2. Advanced Micro Devices

Advanced Micro Devices (AMD 23.61%) is also rising to prominence in the global AI infrastructure buildout, with growing strength in both CPU and GPU markets. In the second quarter of fiscal 2025 (ending June 28), revenues were up 32% year over year to $7.7 billion. Data Center revenues increased 14% to $3.2 billion, driven by strong demand for EPYC CPUs to power cloud and enterprise AI workloads.

Instinct GPU sales, however, were negatively affected by $800 million due to restrictions placed on exporting advanced processors, including MI308 GPUs, to China. Despite this headwind, the company generated free cash flow of around $1.2 billion in the second quarter.

Demand for general-purpose compute infrastructure is rising with the emergence of new AI use cases, as each GPU task triggers multiple CPU-intensive processes. Hyperscalers such as Alphabet's Google Cloud and Oracle's Oracle Cloud Infrastructure already deployed EPYC CPUs to power over 100 new cloud instances (virtual servers that run applications and workloads without requiring ownership of underlying hardware) in the second quarter. AMD now supports nearly 1,200 EPYC cloud instances worldwide. Enterprise adoption of EPYC CPUs is also accelerating, as original equipment manufacturers such as Hewlett Packard Enterprise, Dell Technologies, Super Micro Computer, and Lenovo Group have launched 28 server systems powered by fifth-generation EPYC "Turin" processors.

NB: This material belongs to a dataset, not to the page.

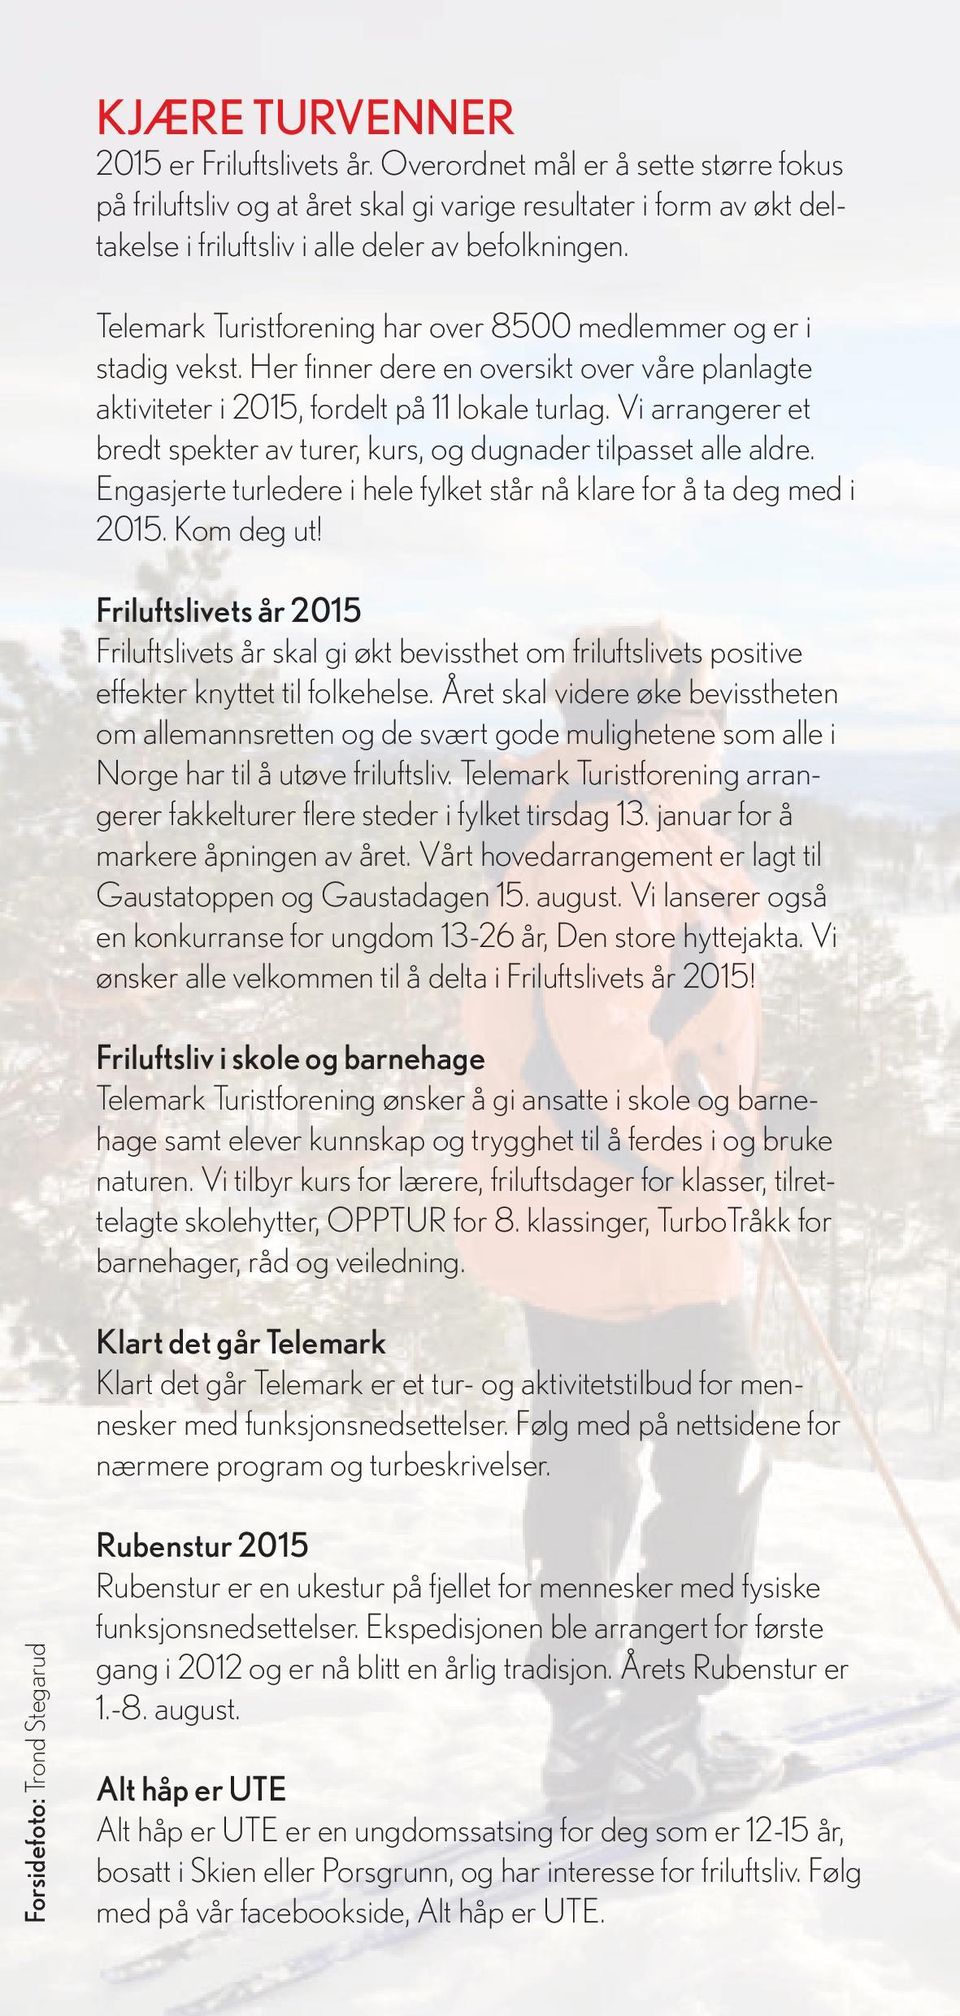 Telemark Turistforening har over 8500 medlemmer og er i stadig vekst. Her fi nner dere en oversikt over våre planlagte aktiviteter i 2015, fordelt på 11 lokale turlag.

AMD is also seeing improved adoption of its MI300 and MI325 Instinct accelerators across Tier 1 customers, including cloud providers and AI companies. Seven of the top 10 AI model builders are now using AMD's Instinct accelerators. The company claims that its recently launched Instinct MI350 accelerators demonstrate matching or higher performance compared to GB200 in critical training and inference workloads, at significantly lower costs. Oracle has already opted for MI355 accelerators in its 27,000-plus node AI cluster. OpenAI also signed a deal with AMD to deploy 6 gigawatts of AMD GPUs over several ChatGPU generations.

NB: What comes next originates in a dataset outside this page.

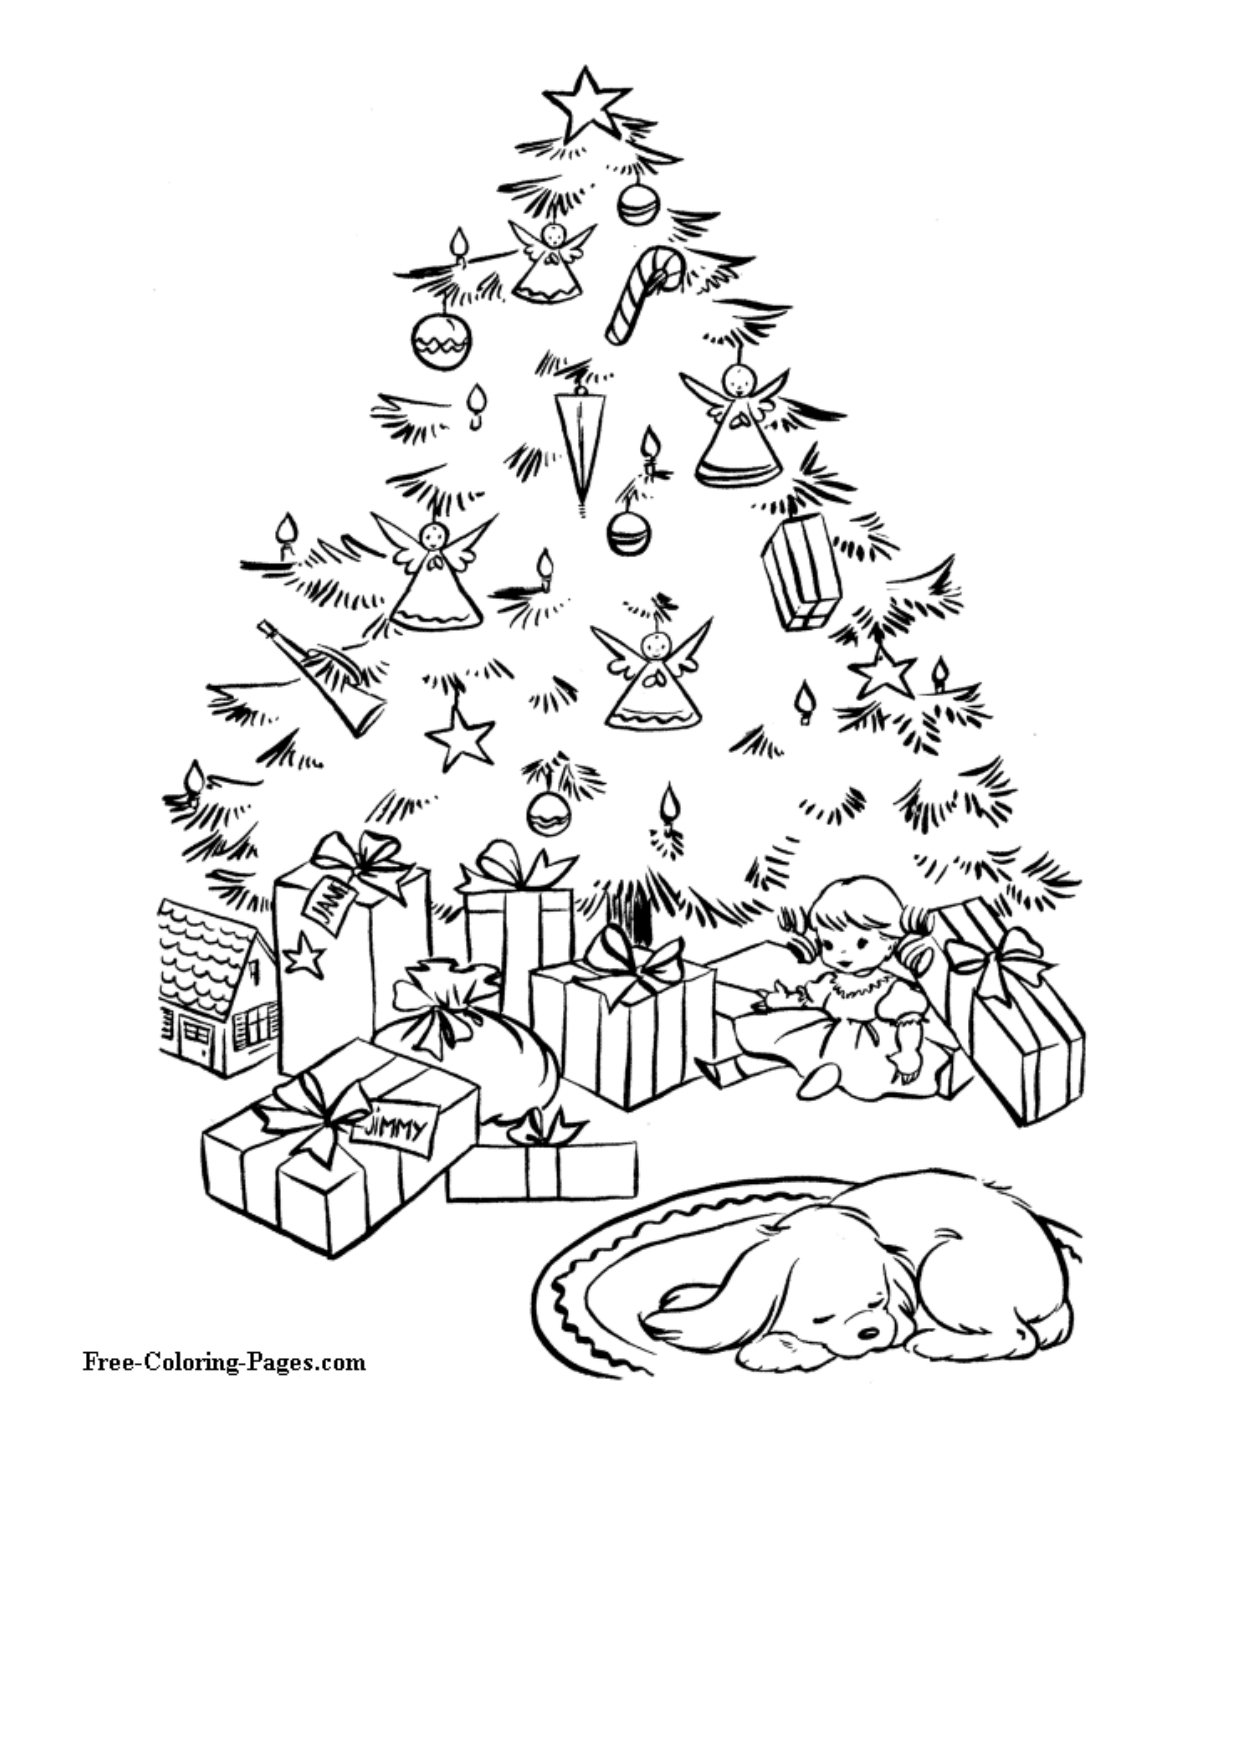 Dibujos de Navidad para Colorear e Imprimir: 9 ideas originales en PDF

These tailwinds highlight growing confidence among enterprises in AMD's GPU offerings. Hence, a better price-performance edge can help AMD carve out a significant share in the growing AI hardware market.

AMD advanced its software ecosystem with the launch of the open-source ROCm 7 stack. ROCm 7 demonstrated 3 times higher performance in training and inference compared to its prior generation. The company is also gearing up for the launch of the MI400 series and the Helios full-stack AI system (powered by MI400) in 2026. This could further advance the company's share in large-scale AI deployments.

AMD currently trades at about 42 times forward earnings, which is expensive. But high-quality companies do not come cheap. Wall Street is paying the premium for the company's solid growth prospects in both CPU and GPU businesses. While the company lags Nvidia, it remains the most crucial alternative in the AI infrastructure market.